Limit pretrees for free group automorphisms: existence

TL;DR

This paper introduces a new real pretree structure associated with free group automorphisms, capturing growth dynamics and extending metric tree theory without relying on topology.

Contribution

It constructs a real pretree with a rigid action that detects exponential growth of elements, extending the classical metric tree approach.

Findings

Real pretree associated with free group automorphisms has a rigid, non-nesting action.

Loxodromic elements are characterized by exponential length growth.

The construction generalizes metric trees using only pretree intervals, avoiding topology.

Abstract

To any free group automorphism, we associate a real pretree with several nice properties. First, it has a rigid/non-nesting action of the free group with trivial arc stabilizers. Secondly, there is an expanding pretree-automorphism of the real pretree that represents the free group automorphism.
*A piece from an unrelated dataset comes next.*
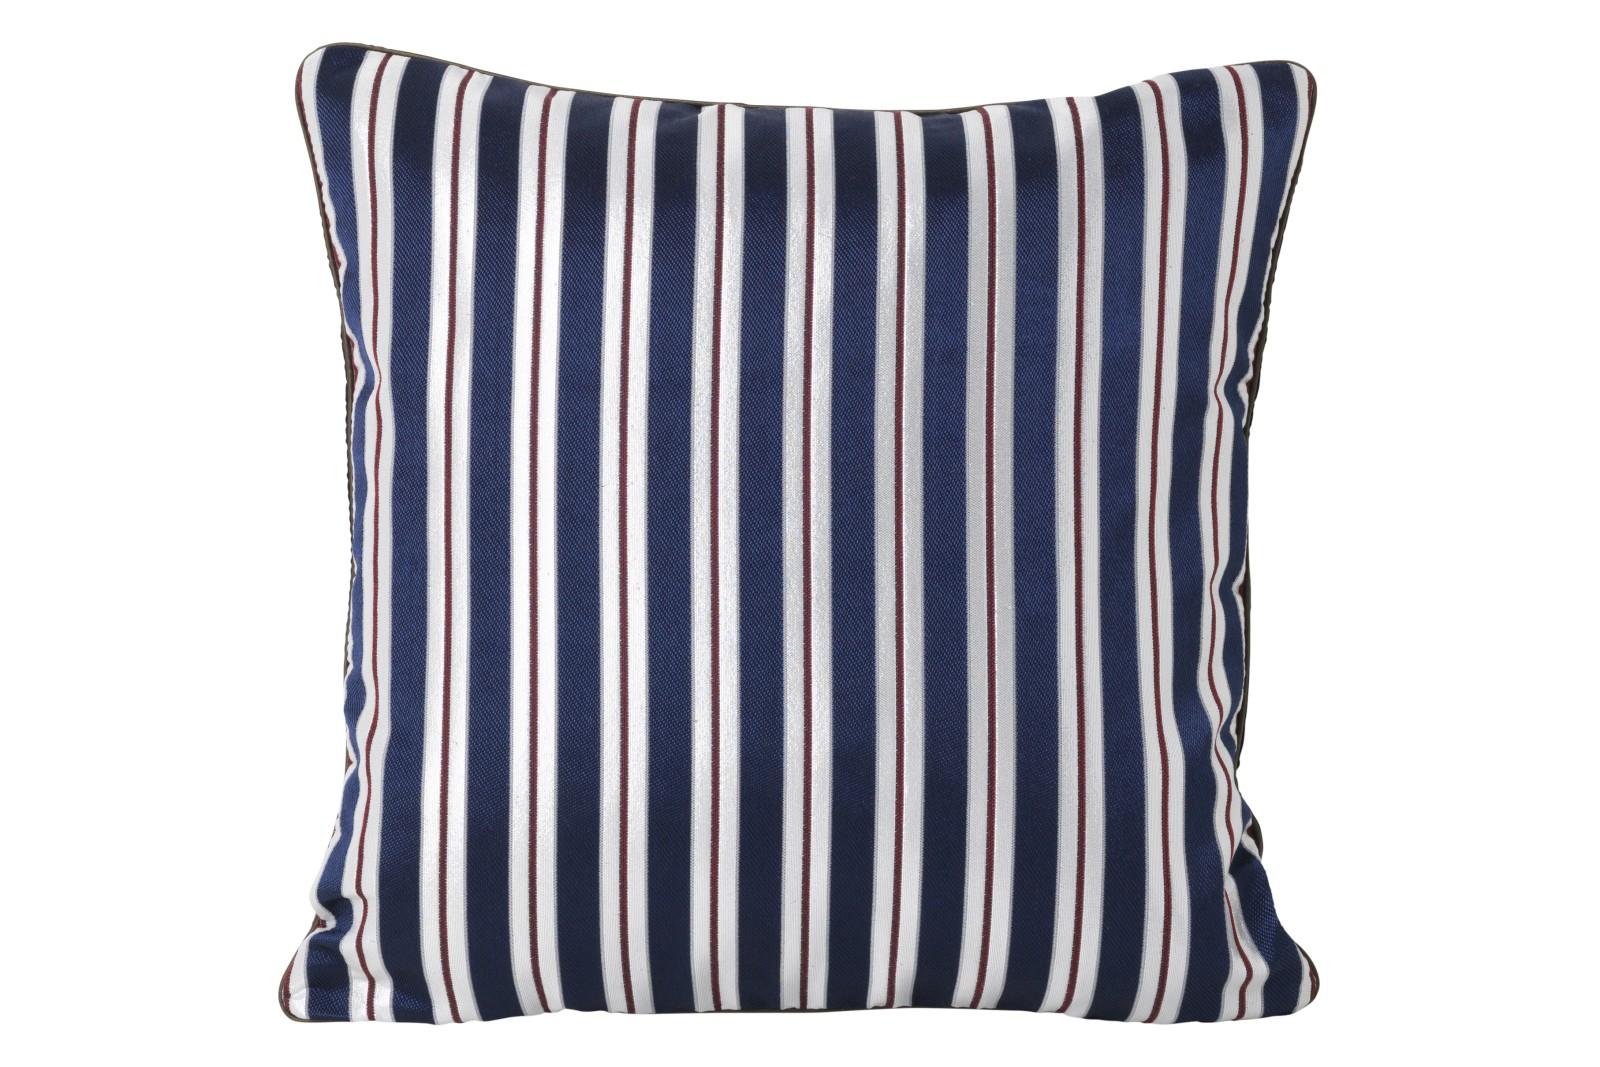 Salon Cushion - Set of 2 Pinstripe, 40 x 40 cm

Finally and crucially, the loxodromic elements are exactly those whose (conjugacy class) length grows exponentially under iteration of the automorphism; thus, the action on the real pretree is able to detect the growth type of an element. This construction extends the theory of metric trees that has been used to study free group automorphisms. The new idea is that one can equivariantly blow up an isometric action on a real tree with respect to other real trees and get a rigid action on a treelike structure known as a real pretree. Topology plays no role in this construction as all the work is done in the language of pretrees (intervals).